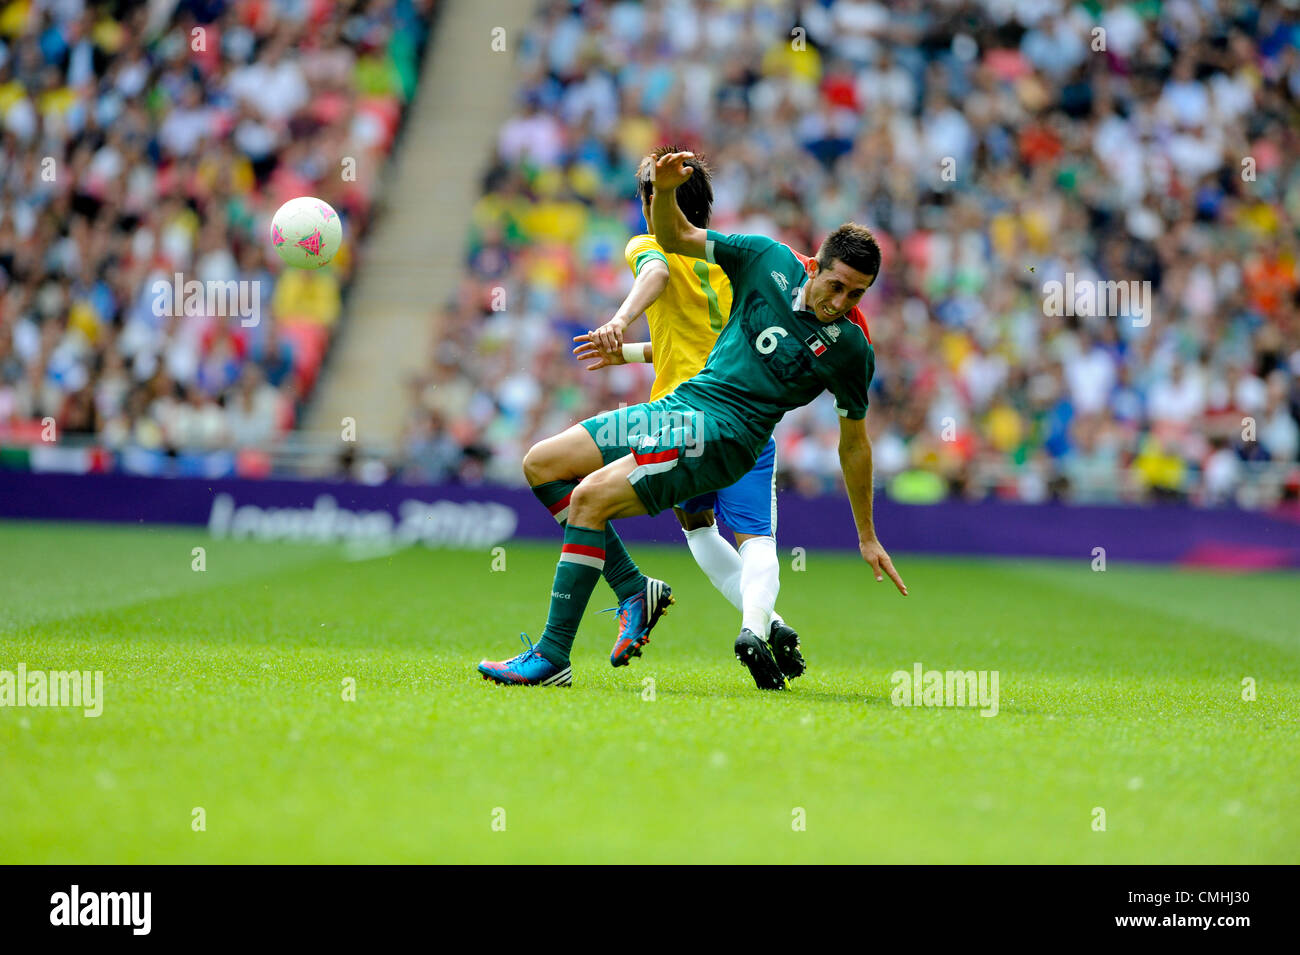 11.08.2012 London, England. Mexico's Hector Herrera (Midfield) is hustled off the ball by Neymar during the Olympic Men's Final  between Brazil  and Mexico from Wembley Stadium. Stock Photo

...

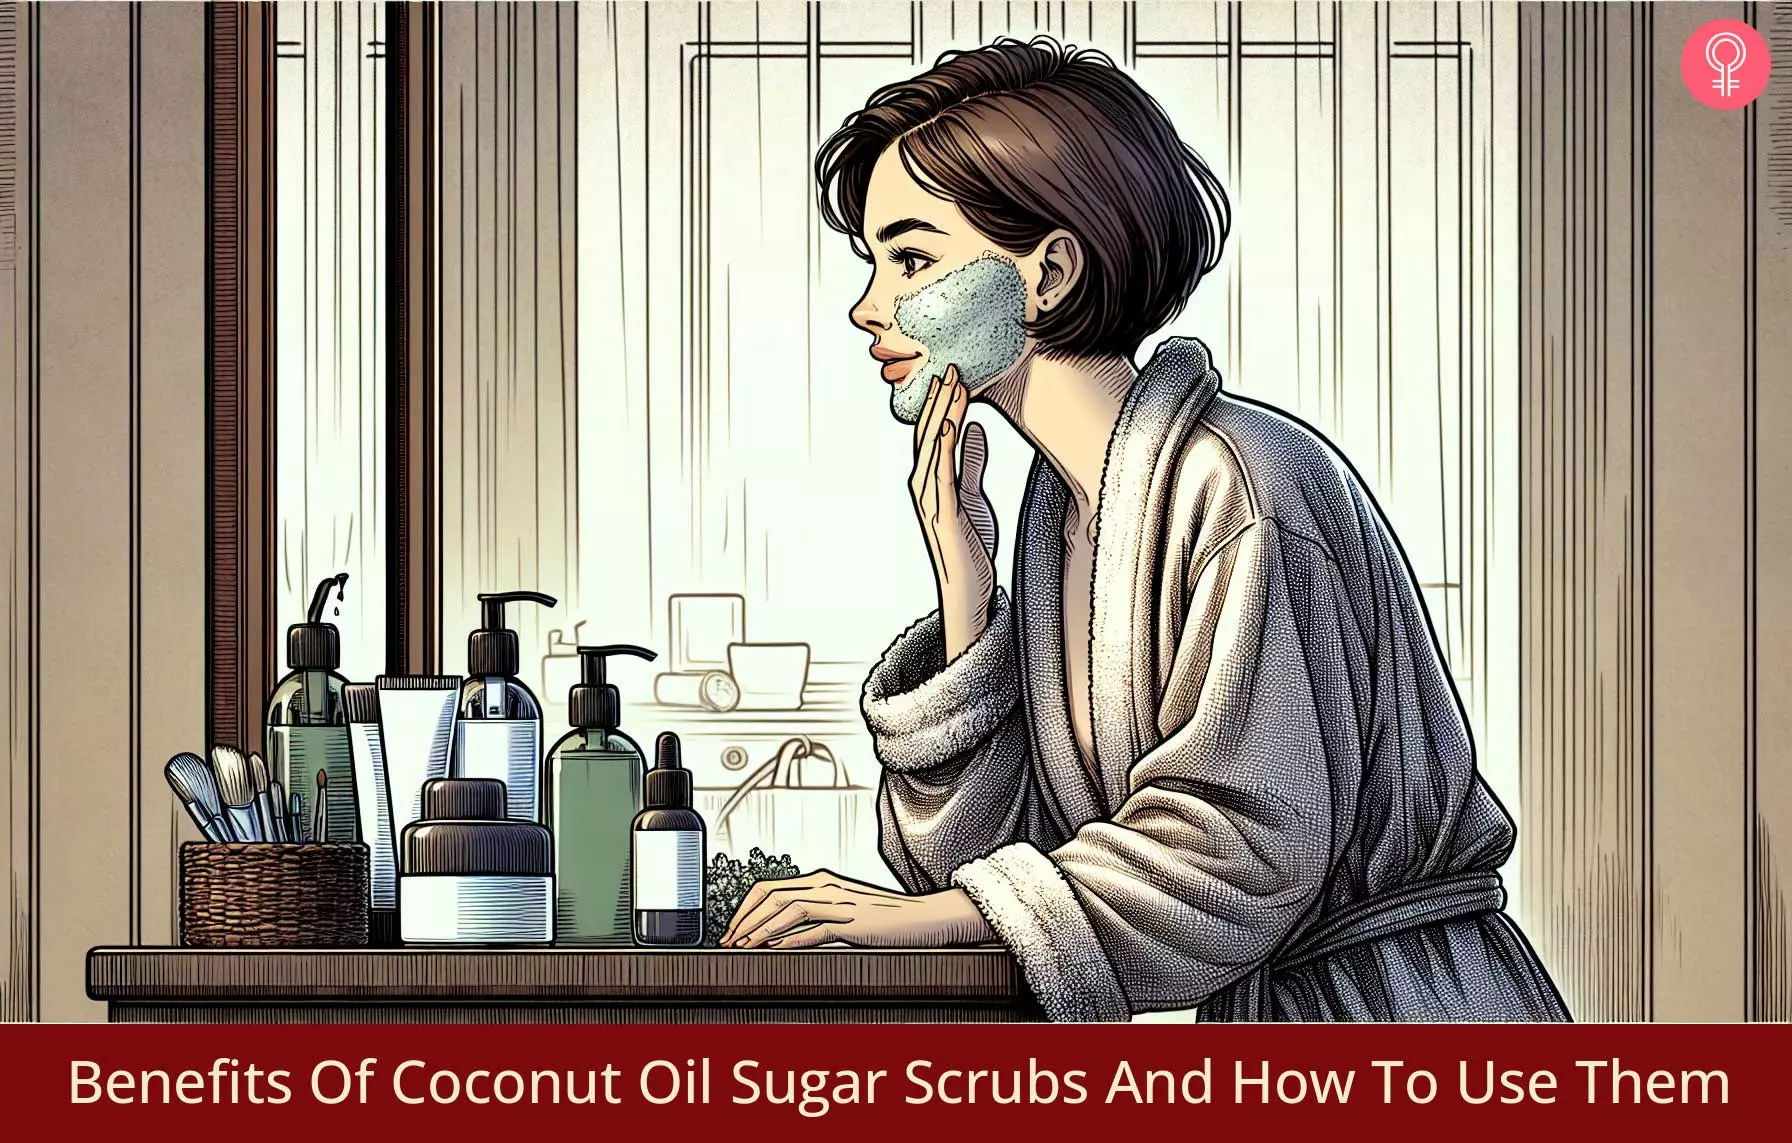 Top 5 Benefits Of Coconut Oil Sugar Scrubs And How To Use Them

==

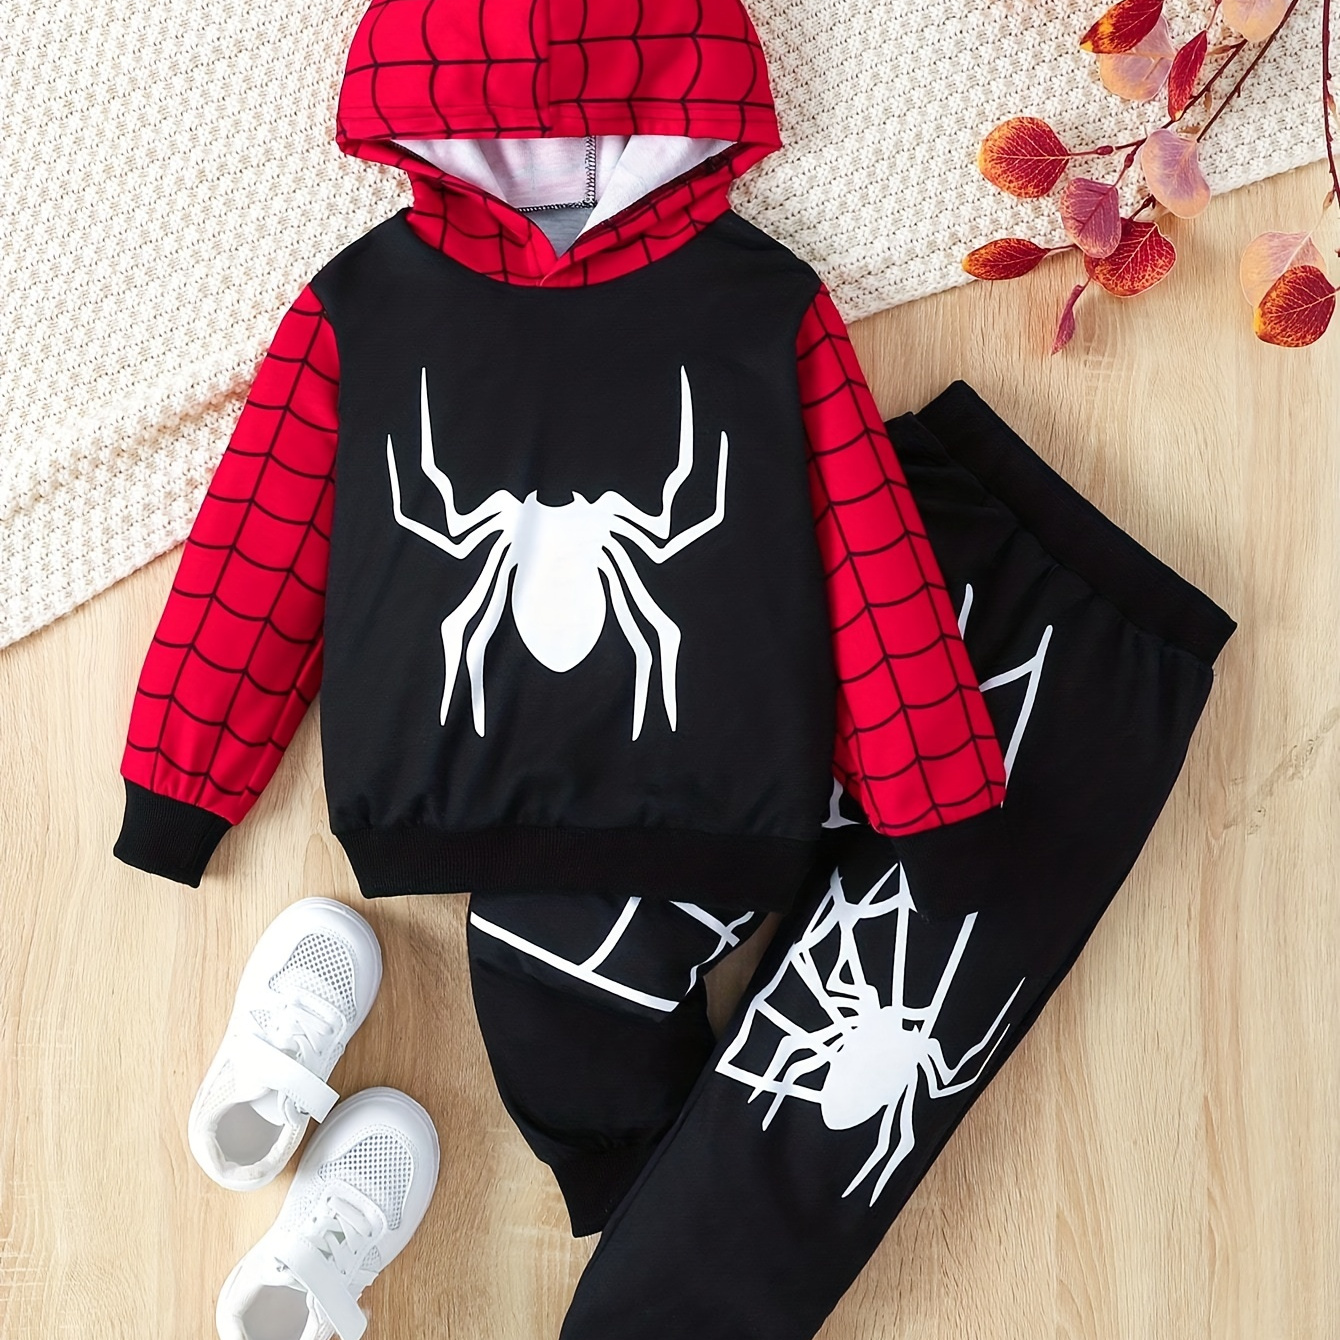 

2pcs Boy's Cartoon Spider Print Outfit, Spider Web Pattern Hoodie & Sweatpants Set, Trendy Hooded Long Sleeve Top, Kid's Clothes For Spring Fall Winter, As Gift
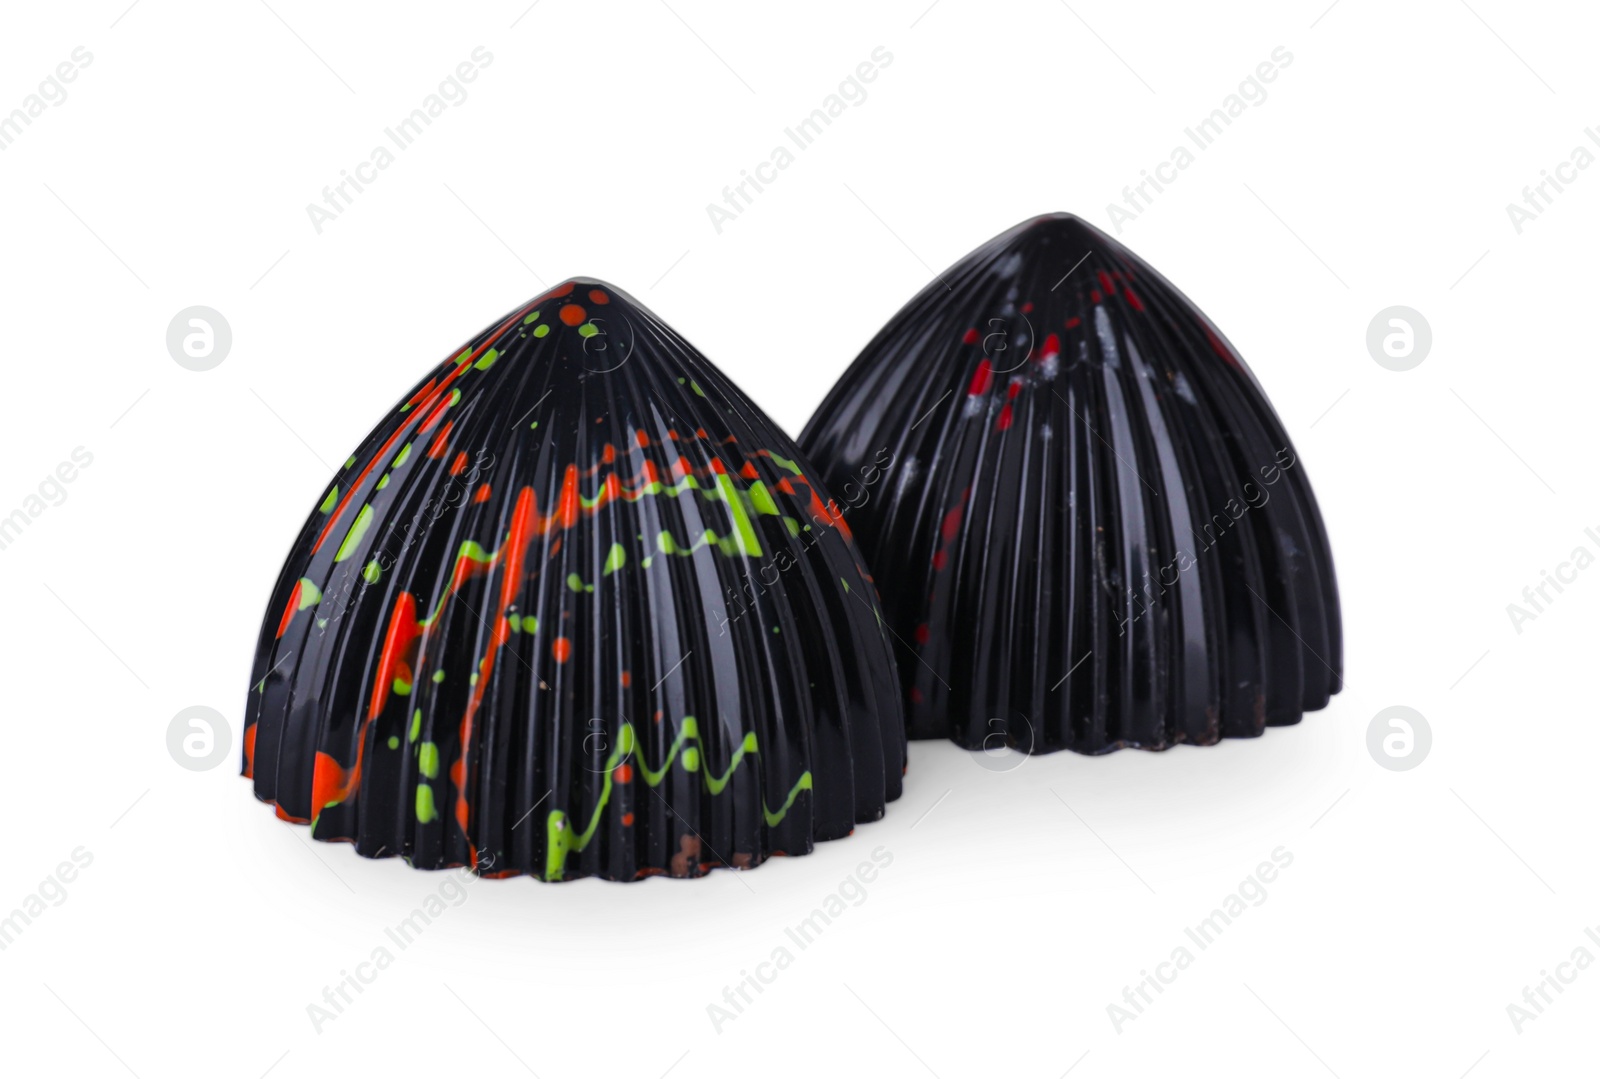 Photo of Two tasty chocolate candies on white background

What you need to do: Above, find the line with "2pcs Boy's Cartoon"; copy it and every line down to the line with "Photo of Two", exactly and both included, but no pictures.

Task answer:
2pcs Boy's Cartoon Spider Print Outfit, Spider Web Pattern Hoodie & Sweatpants Set, Trendy Hooded Long Sleeve Top, Kid's Clothes For Spring Fall Winter, As Gift
 Photo of Two tasty chocolate candies on white background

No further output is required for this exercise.